Lack of a BFO was no obstacle; the airwaves were full of heterodynes in those days.

Even now, when I'm absentmindedly doodling during code practice, I catch myself sending that VVV DE NSS NSS W W W VVV. Good memories.
Gary, K9ZMD Ridgefield, WA


Thanks for the memories. I spent 27 years in the navy nuclear submarine service.

All my boats were nucs.

Albacore was a landmark development in design of submarines – the first of the “tear drop shape” hulls.

This shape resulted in much less noise generation, particularly at high speeds.

We were stationed at Portsmouth Naval Shipyard 1983-1985 (Repair Officer at the yard).

Not sure what receiver you were looking at but sounds like the famous old R-1051; very wide spread installation in our USN ships in the 70s and 80s.

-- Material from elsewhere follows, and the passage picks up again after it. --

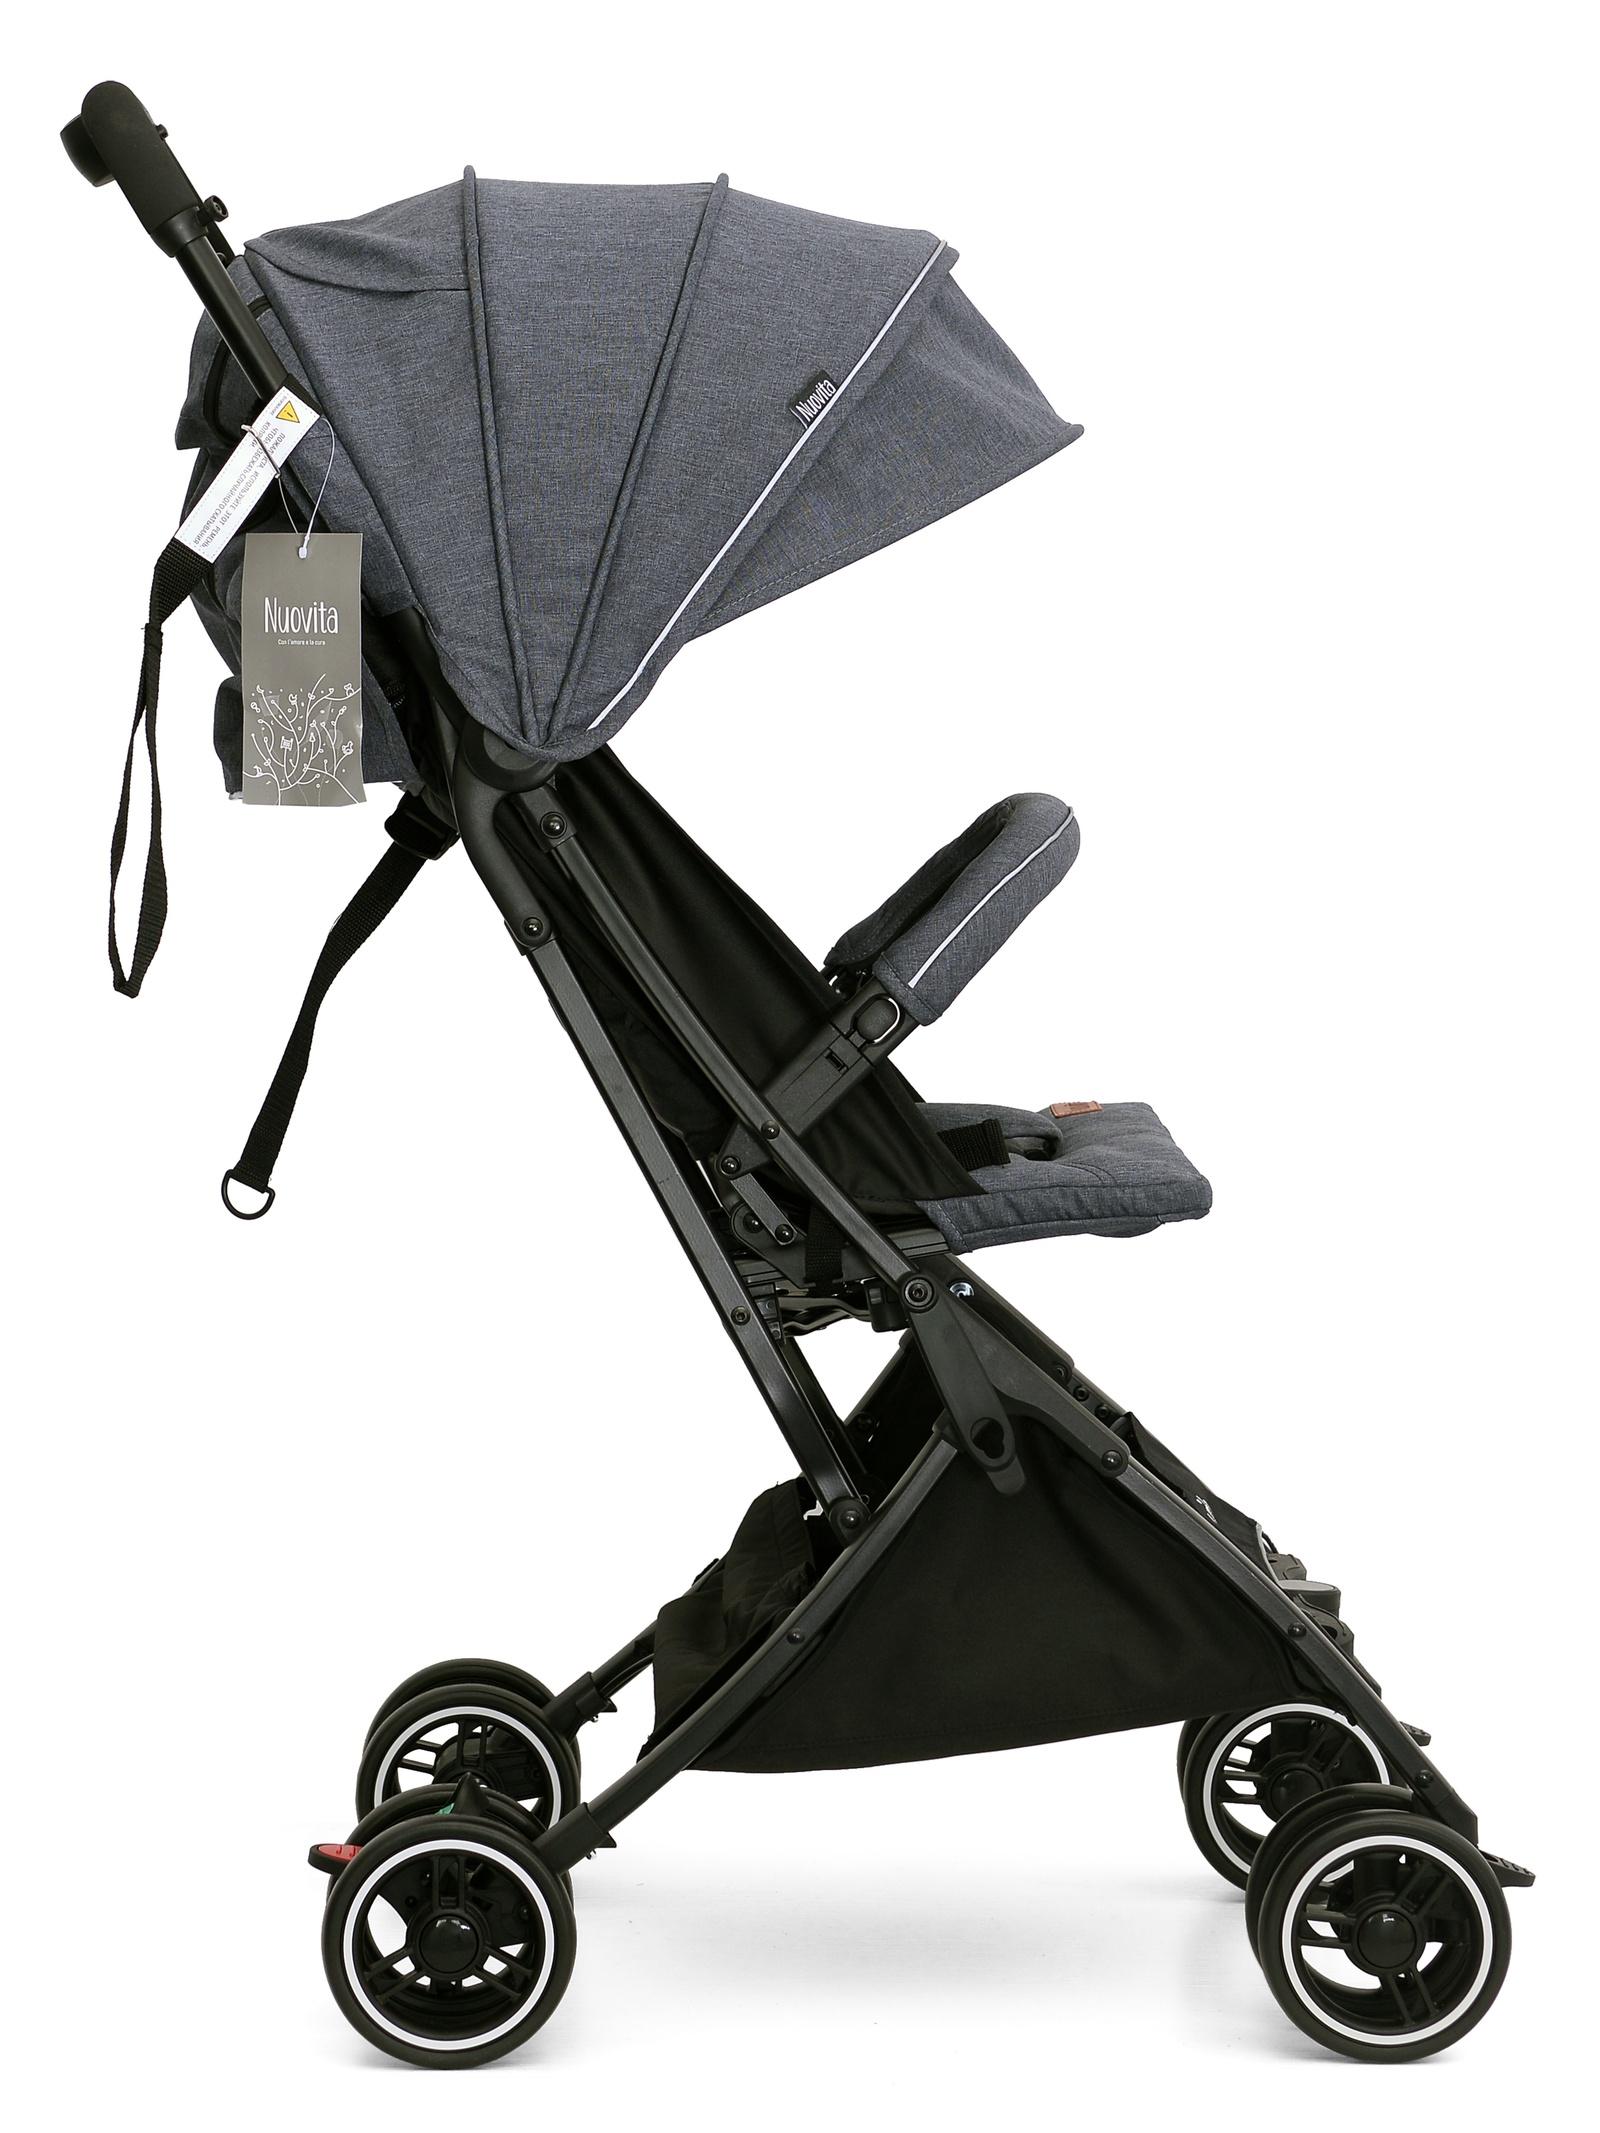 Коляска прогулочная Nuovita VeroNUO_А6_800Прогулочная коляска Nuovita Vero — это классическая коляска-книжка с удобным посадочным местом для малыша в возрасте от шести месяцев до 3-х лет. Ширина сиденья данной модели 30 см, глубина 20см, а высота спинки сидения 43см. При раскладывании спинки, которое осуществляется при помощи встроенного в каркас ремня, угол наклона регулируется в радиусе от 100 до 175 градусов. Благодаря этому образуется спальное место для ребенка размером 64х30см. Для надежной фиксации малыша на сидении предусмотрены 5-точечные ремни безопасности с мягкими накладками, межножный ограничитель и защитный съемный бампер с накладкой из текстиля. Для того, чтобы малыша было удобно посадить в коляску, бампер откидывается в сторону. Также бампер можно просто убрать, если в нем нет надобности. Конструктивной особенностью данной модели является отсутствие подножки. Коляска имеет удобный капор, который бесшумно регулируется двумя положениями и имеет дополнительный козырек от солнца. На капоре предусмотрены 2 окошка для вентиляции и обзора, а также карман для хранения мелких вещей. Обивка изготовлена из специальной влаго- и ветроустойчивой ткани. Это 300D лен — материал с пропиткой, которая создает защиту от намокания и выцветания, а также легко поддается очистке. Родительская ручка имеет мягкую накладку из поролона. Рама выполнена из алюминия, имеет классическую конструкцию и снабжена двойными колесами с амортизацией. Передние колеса предоставляют возможность разворота на 360 градусов, обеспечивая коляске лег...

Not a bad rx but I much prefer the old dinosaur R-390.

(I would be interested in comments from some of you other navy guys out there on your preference between the R1051 and R390)

Semper cw.

Dave, W1DV (Capt, USN, Ret.)


Hi Dave:

I looked up the R-1051 and it looks very similar to what I saw on the USS Albacore.

When I visited the USS Midway in 2011, I saw multiple racks full of R-1051 or similar receivers.

I am somewhat surprised at your comments regarding the performance of the R-1501.

I assumed that these expense MIL-SPEC rigs had exceptional receive performance.

73, Brian, KD6NRP/1


I agree with Dave and liked the R-390 better.

I even owned one for awhile.
Joe V31JP


R-390 vs R-1051

For CW R-390 had better selectivity and more adjustable filtering.

At .1 hz it did give you a ringing tone so you had to tweak it a little.

I also believe when maintenance was done correctly it had better sensitivity.

All but one of the ships I was on had an R-390 mounted on the CW console.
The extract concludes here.